Mahama emphasized the importance of indigenous investment and the need for a tiered banking system that caters to different market segments, providing opportunities for experienced banking professionals who were laid off to reclaim their careers and move away from menial jobs.
He assured that, to the extent possible, the banking licenses unjustly cancelled by the current government would be reinstated to rectify the situation.
The banking sector clean-up, supervised by Finance Minister Ken Ofori-Atta, took place between mid-2017 and January 2020, resulting in the reduction of banks from 34 to 23. Additionally, 347 microfinance institutions, 15 savings and loans companies, and eight finance houses had their licenses revoked.
During his acceptance speech following his victory in the NDC parliamentary primaries, Mahama promised to facilitate the re-employment of staff whose appointments were terminated during the banking sector clean-up.
He also expressed the need for improvements in the oversight functions of the Bank of Ghana, highlighting the regulator's weak oversight of the sector and the hardships caused by the government's domestic debt restructuring.
Mahama vowed to rejuvenate the nearly collapsed banks through comprehensive reforms at the Bank of Ghana, acknowledging the central bank's role in contributing to the challenges faced by the sector.
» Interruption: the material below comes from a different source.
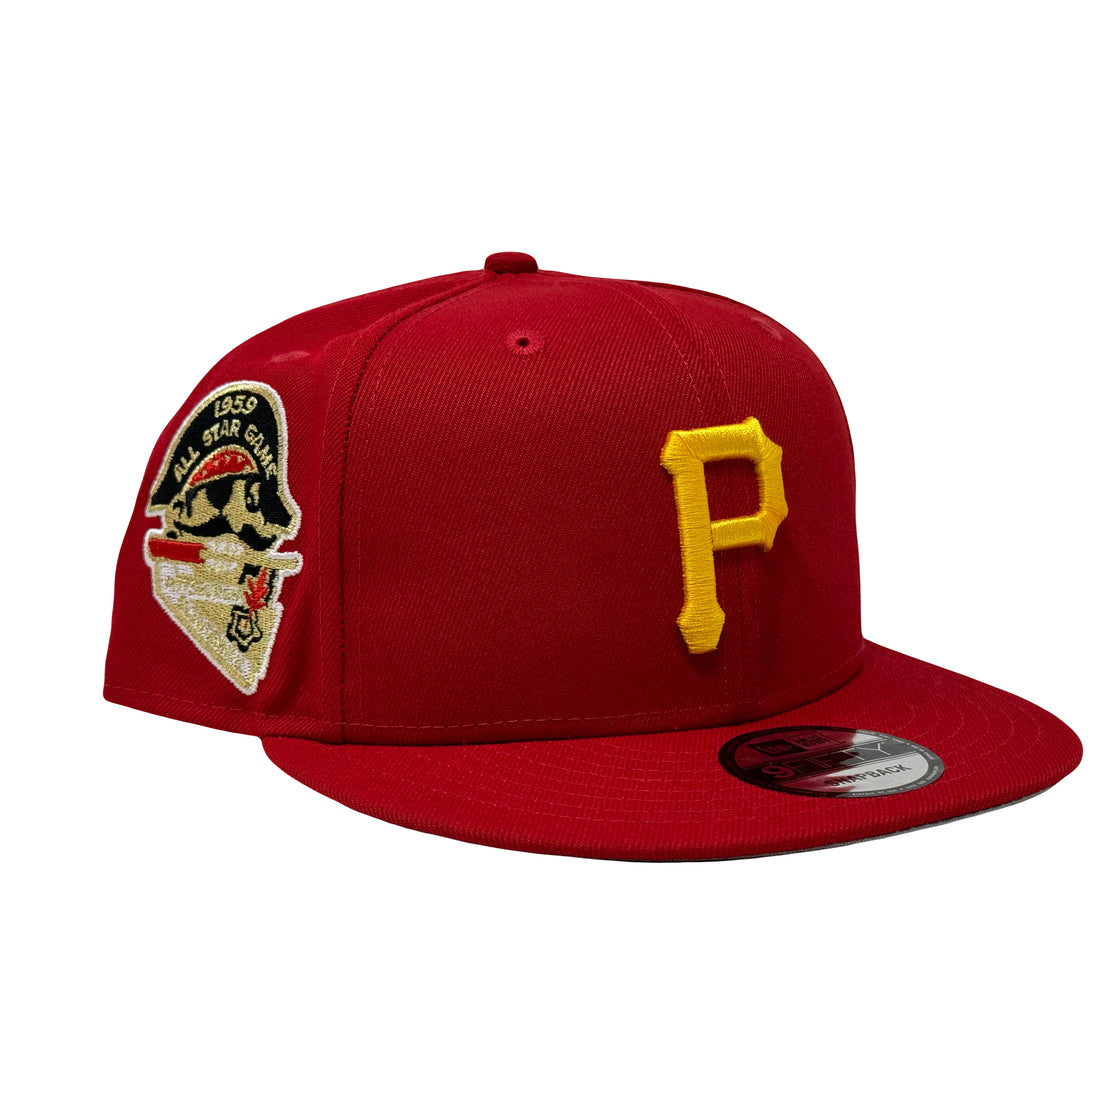 Pittsburgh Pirates 1959 All Star Game Red 9Fifty New Era Snapback Hat

He stressed the importance of creating a strong foundation to prevent a recurrence of the harmful debt management program that affected elderly individuals and wiped out investments of the Ghanaian middle class.
Many of the institutions that had their licenses revoked were found to have various governance lapses, which prompted the government's intervention. The estimated cost of the state's fiscal intervention, excluding interest payments, between 2017 and 2019 was GH¢16.4 billion.
According to the government's report in 2020, approximately GH¢21 billion was spent on the banking clean-up exercise.